# Digital angle gauge to check miter saw?



## sjuchter (Jan 27, 2013)

After reading the thread below, (I too have problems with my miters), I decided I need something to check my miters angles.

Can I use this?

http://m.woodcraft.com/product/2020516/22861/wixey-digital-protractor-electronic-angle-gauge.aspx

Or do you recommend something else? Most of the posts below referenced a table saw, (still saving $ for that), but I need something for my miter.


----------



## mossyoak (Feb 27, 2011)

I use it and I think it is great. When I used to make crown molding on my wife's bookcase and I couldn't believe how tight they are. I use it for almost everything, primarily on my table saw, but I also use it for jigs, joints, etc. One of the best things I bought to measure with. I find myself getting "more precise" with things. When I see 89.8 degrees, I make it until it reads 90, I can't get that 0.2 with my eye ball, but that's just me.


----------



## Al B Thayer (Dec 10, 2011)

I picked up a protractor on EBay that is 12 and 14" long and very accurate. Cost less than $23 free shipping. Miters come out perfect now.

Al

Friends don't let friends use stamped metal tools sold at clothing stores.


----------



## Hubbard (Jan 1, 2012)

http://www.harborfreight.com/digital-angle-gauge-95998.html
This one works pretty well and is inexpensive. I've used it on both the table saw and the miter saw


----------



## Alchymist (Jan 2, 2011)

Hubbard said:


> http://www.harborfreight.com/digital-angle-gauge-95998.html
> This one works pretty well and is inexpensive. I've used it on both the table saw and the miter saw


These only work when the saw table is perfectly level.

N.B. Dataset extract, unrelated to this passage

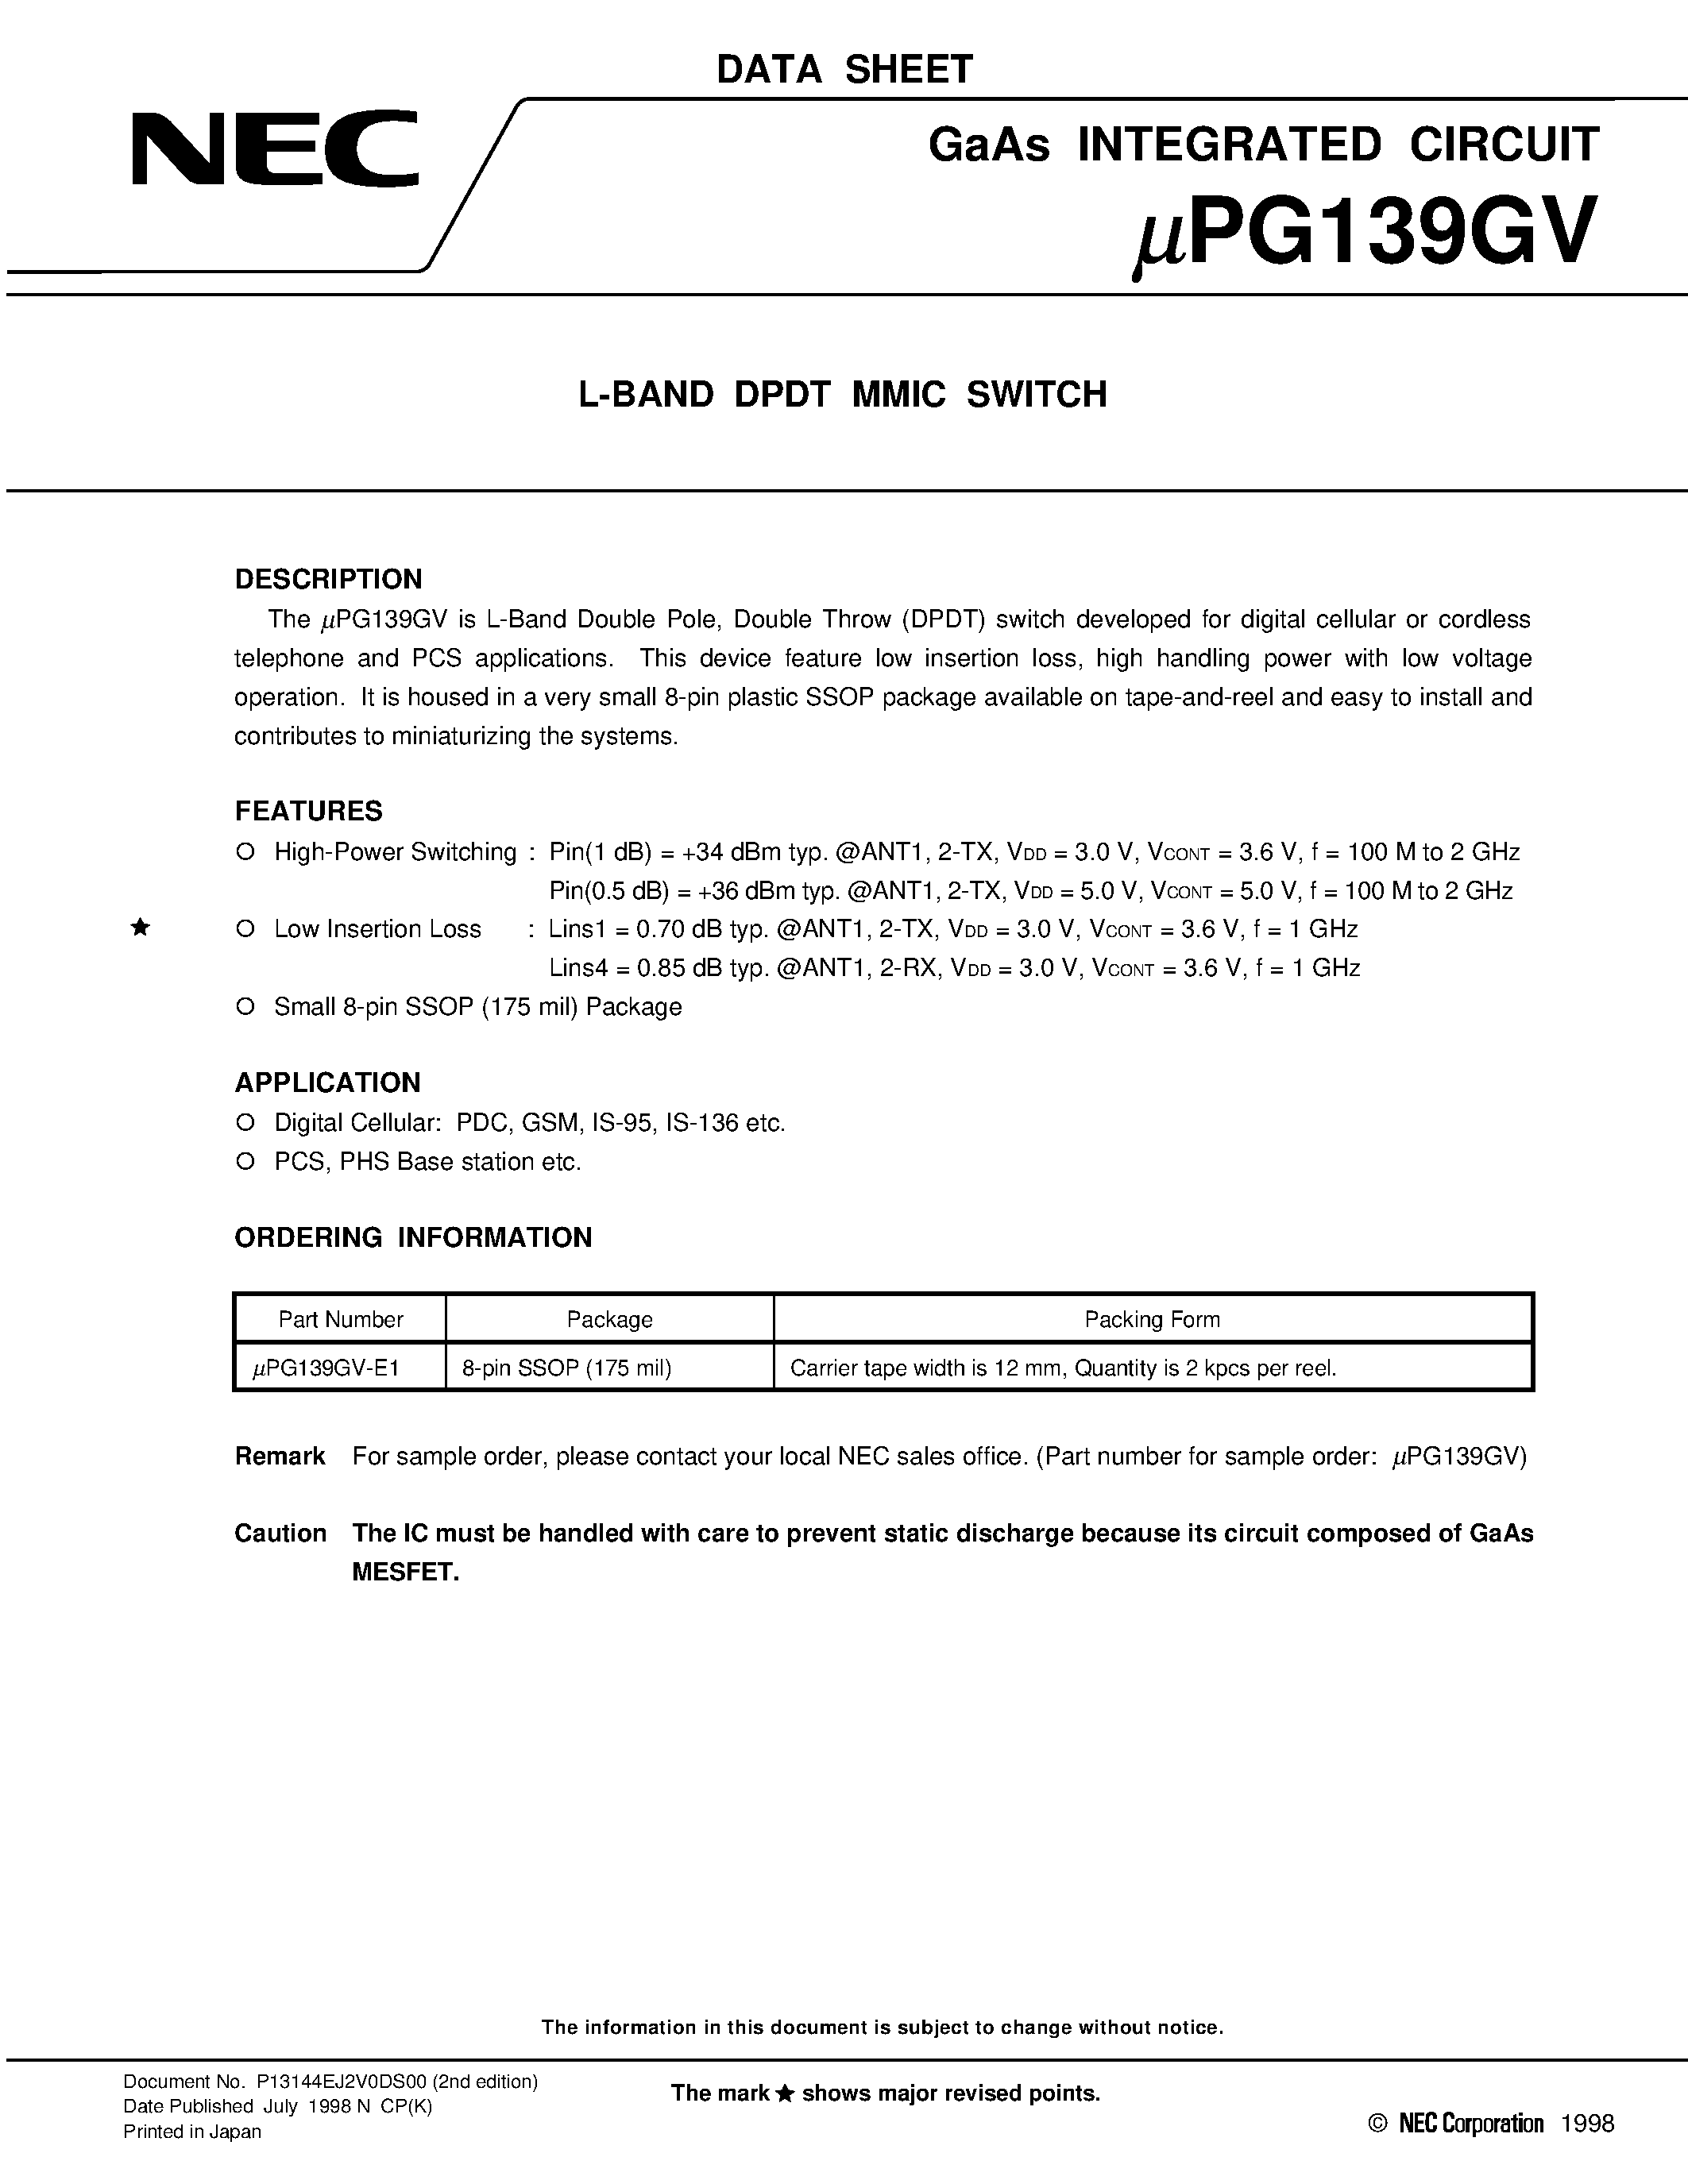 Datasheet UPG139GV - L-BAND DPDT MMIC SWITCH page 1

If the table is 3* out of level and the saw blade reads 45*, it's off by 3*. Totally worthless for laying out angles when things are flat.


----------



## Hubbard (Jan 1, 2012)

You zeroize it to the bed. Whether bed is level or not is irrelevant, you tell it what zero it and the. To attach it to the glad and tilt as required


----------



## jschaben (Apr 1, 2010)

I've got the wixey angle guage you pictured as well as an igauging(SP?) cube. The cube is much easier to use on the miter saw.:smile:


----------